Исходя из этого получается, что подлинно верующему человеку не выгодно грешить и совершать недобрые дела, поскольку отвечать всё равно за всё придётся. И человек исходит из этого нередко не только на сознательном уровне, но и на подсознательном. То есть само представление мира, в котором есть бессмертная душа, Бог, посмертная жизнь и абсолютные добро и зло, определяет его мышление и поступки на самом глубоком уровне его личности.
Влияние материализма и атеизма на поступки
Только как же, спрашиваю, после того человек-то? Без Бога-то и без будущей жизни? Ведь это, стало быть, теперь всё позволено, всё можно делать?
«Братья Карамазовы», Федор Михайлович Достоевский
Когда человек исходит из того, что его смерть – это окончательный и абсолютный конец для него, и после момента смерти для человека уже ничего и ни в какой форме не будет, то он совсем иначе смотрит на свои поступки, на то, что можно, а что нельзя.
Такому человеку оказывается невозможным отказать себе в реализации порока, поскольку он будет исходить не из того, плохо это или хорошо, правильно или неправильно, а из того, смогут ли его поймать и наказать или нет. И если наказания не будет, то тогда, что плохого для него, если он реализует своё желание, удовлетворит свой порок, свой грех, коли его всё равно не накажут. И, действительно, что плохого для человека в поступке, если за него не придётся отвечать?

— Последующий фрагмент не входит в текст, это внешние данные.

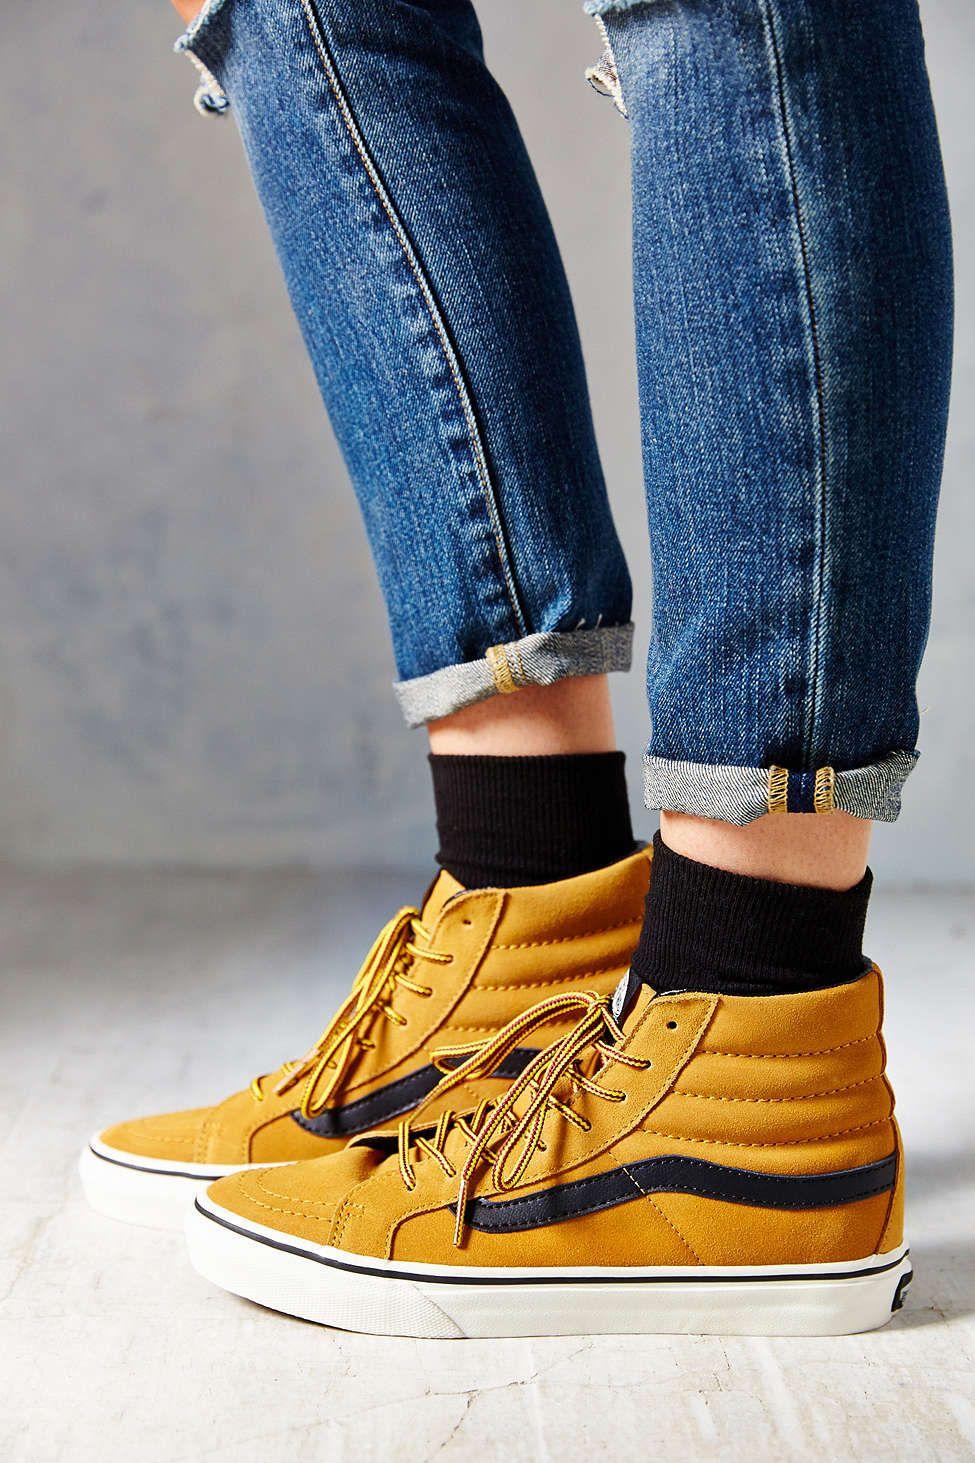 df9ade4e52 Vans Sk8-Hi Slim Hiker Womens High-Top Sneaker - Urban Outfitters ...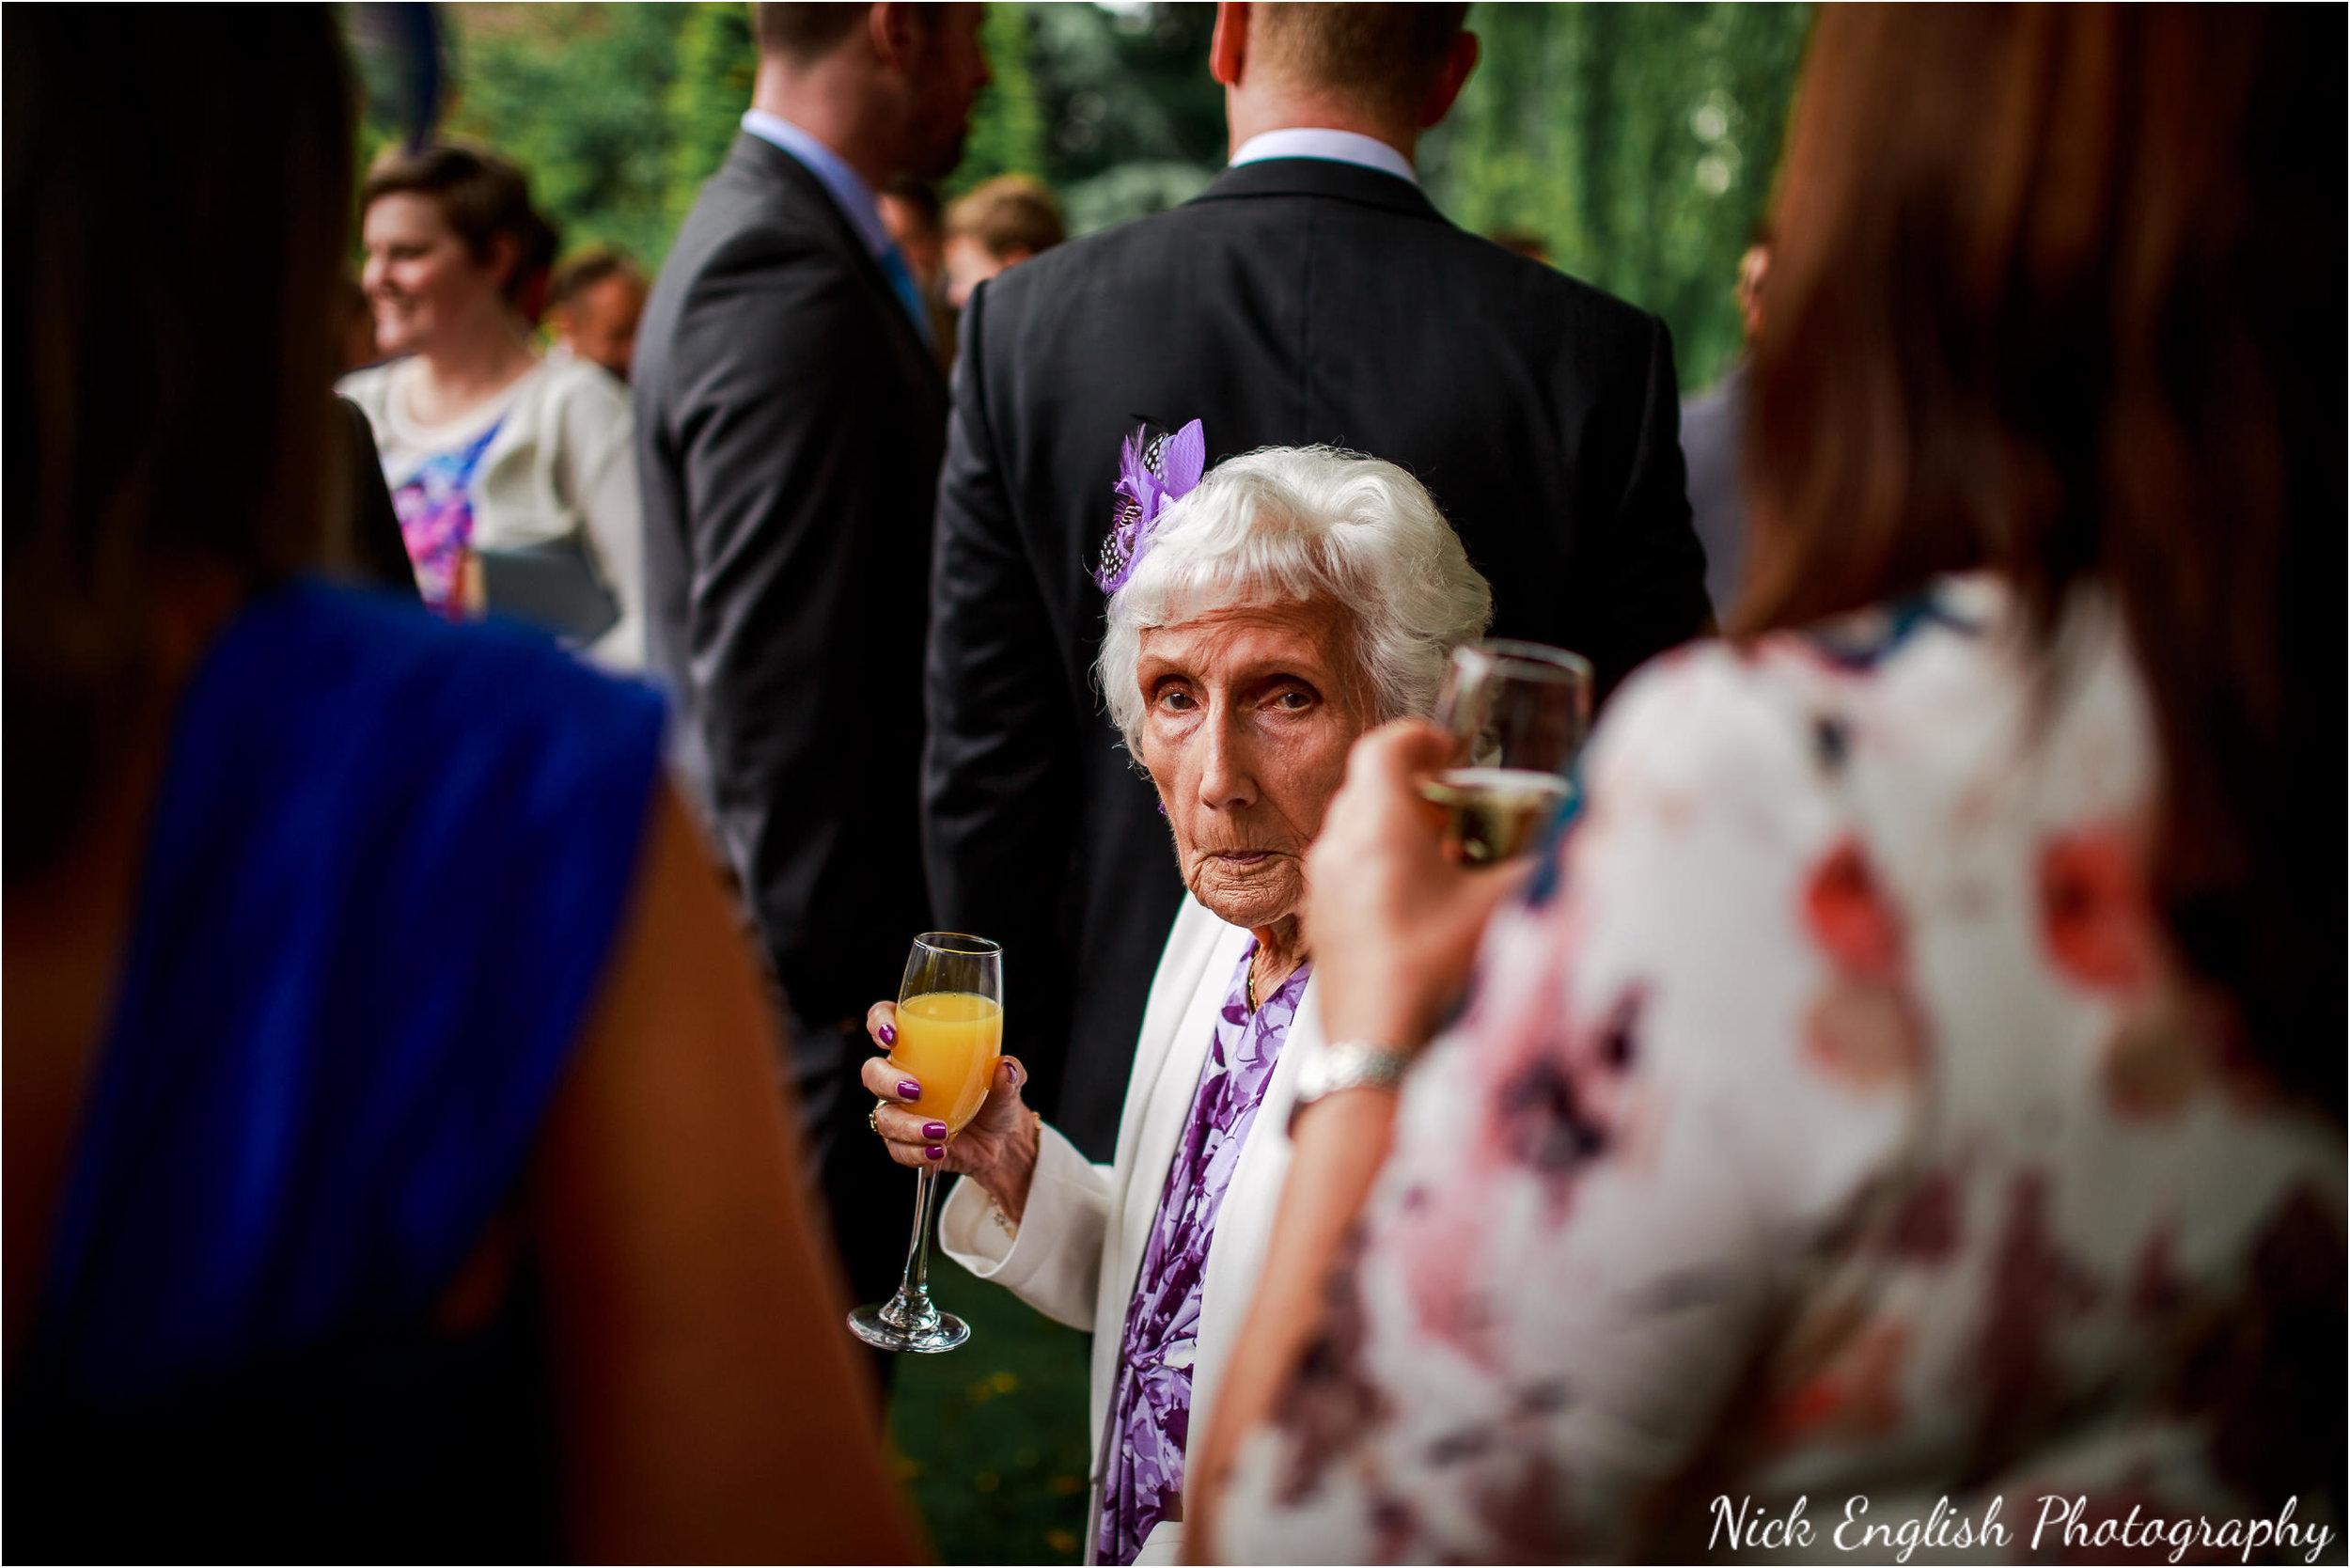 Emily David Wedding Photographs at Barton Grange Preston by Nick English Photography 104jpg.jpeg

Не пойман – не вор, не уличена – не гулява
«Пословицы русского народа», Владимир Иванович Даль, 1853г.
Кроме того, если нет добра и зла, как абсолютных величин, то тогда каждый сам может трактовать, что хорошо, а что плохо. И каждый сам сможет найти лицемерные и благодетельные обоснования для любых, даже самых низких поступков. Таким образом получается, что человек, исходящий из того, что у человека нет души, что добро и зло относительны, и что смерть – абсолютный конец, видит следующий тип поведения для себя наиболее выгодным и эффективным в подобном мире:
- Добро и зло относительны, а значит можно самому определять, что хорошо, а что плохо, в таком случае, можно греховное, но выгодное для себя, объявить хорошим, когда это выгодно, а хорошее, но невыгодное, плохим. Ведь, если добро и зло относительны, то каждый сам сможет установить точку отсчёта и моральные координаты, а руководствоваться в этом процессе он будет своей выгодой;
- Поскольку никакого наказания за переделами этого мира для такого человека не существует, то можно делать, что угодно из того, что хочется или нужно, главное, чтобы не поймали. И за счёт различных средств, например, с помощью лжи и подкупа, создавать себе положительную репутацию, совершая при этом порочные поступки и скрывая их, поскольку ни кармы, ни чего-то более высокого за пределами физического мира для такого человека нет, а значит репутация здесь на Земле для него первична.
Конечно, читатель может сказать, что существует общественная мораль и она останавливает человека от дурных поступков. Но мораль упирается в конечном счёте в вопрос «почему» и на том моменте отмирает. Например, почему нельзя своровать то, что хочешь получить, если точно не поймают и не накажут? Мораль не сможет найти ответа на этот вопрос. Она будет в состоянии сказать только то, что это плохо, потому что плохо и точка. Кроме того, как уже было сказано выше, когда добро и зло воспринимаются как величины относительные, то мораль легко дрейфует в нужную для человека или общества сторону, и принимает те формы, которые позволят оправдать реализацию своих пороков, превратив их из аморальных в моральные.
Заключение
Человек – сложное существо, его психика подобна пирамиде или матрешке, строится от базовых, ключевых, фундаментальных принципов к простым и локальным явлениям. Наше фундаментальное отношение к миру, восприятие всего сущего, его законов, его природы, его основ прямо определяет наши мысли и чувства, взаимоотношения с людьми, отношение себе, мотивацию и поступки на всех прочих уровнях.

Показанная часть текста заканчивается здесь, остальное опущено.